Marino has gone so far as to test the potential villainy of the himbo. On the series Burning Love, a spoof of The Bachelor franchise created and written by his wife, Erica Oyama, he stars as Mark Orlando, a slow-witted beefcake firefighter looking for love and presenting his favored women contestants with small statues of his “hose.” The part called for real commitment to himbo life: “Before we started shooting this, I got a little heavy, and so [Erica] wrote this thing where I had to take my shirt off, and she’s like, ‘So, you better… get back into shape,” he recalled in 2018, adding: “It worked out. I lost 20 pounds.”
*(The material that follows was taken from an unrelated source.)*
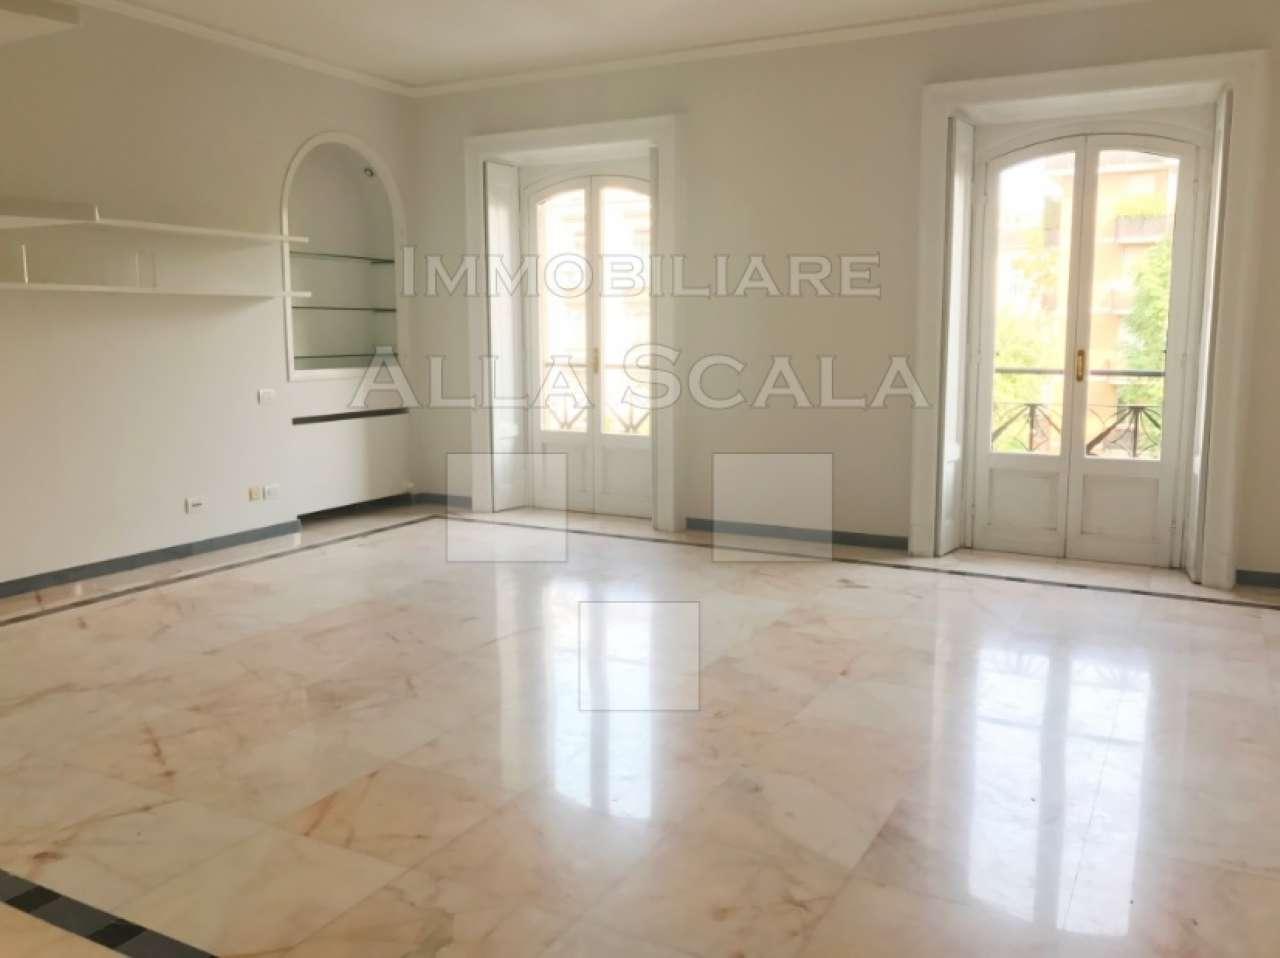 Appartamento in affitto a Milano, 5 locali, zona Zona: 1 . Centro Storico, Duomo, Brera, Cadorna, Cattolica, prezzo € 3.500   CambioCasa.it

Mark Orlando’s natural vanity and shallow attitude are, of course, exploited and heightened by his reality TV handlers, and we see how a mostly innocent himbo can be turned into a selfish monster that fits the needs of entertainment. Underneath this distorted image, however, we recognize a dopey hunk overwhelmed by the absurd premise of a matchmaking show. He’s a himbo out of his depth.
Maybe, beyond his dependable comedic gifts, this is why we are reassured by Marino’s arrival in a scene. No one else has quite that earnest air, the knack for being a suave simpleton, skating by on their likability. As the playboy Dr. Glenn Richie of Adult Swim’s Childrens Hospital, he delivers an impassioned speech with no specifics whatsoever, then serenely concludes that “sometimes the right words come perfect… out.” The empty monologue is a masterstroke of timing and tone — he hits all the right dramatic notes to cover the lack of substance — and it happens to bear a funny resemblance to a bit from The State.
Here, a commercial for cereal pushes into the absurdity of the generic, with a mother and son delivering their dialogue in “duh-duh-duh” gibberish. It’s already funny, but when Marino bursts in as their well-dressed, cross-eyed milkman to complete the pitch? It goes to a whole other planet.
We must give thanks for a blessing such as Ken Marino’s career — and that the guy is humble enough about it to identify as “the guy from Rock N’ Roller Coaster” on social media. (In a pre-show for the Aerosmith-themed Disney ride, he appears as a sound engineer in studio with the band, but he does not speak.)
Do we deserve this himbo king? We do not. And he gives us every shade of dumb-and-handsome all the same. The Macy Gray impression is just a bonus.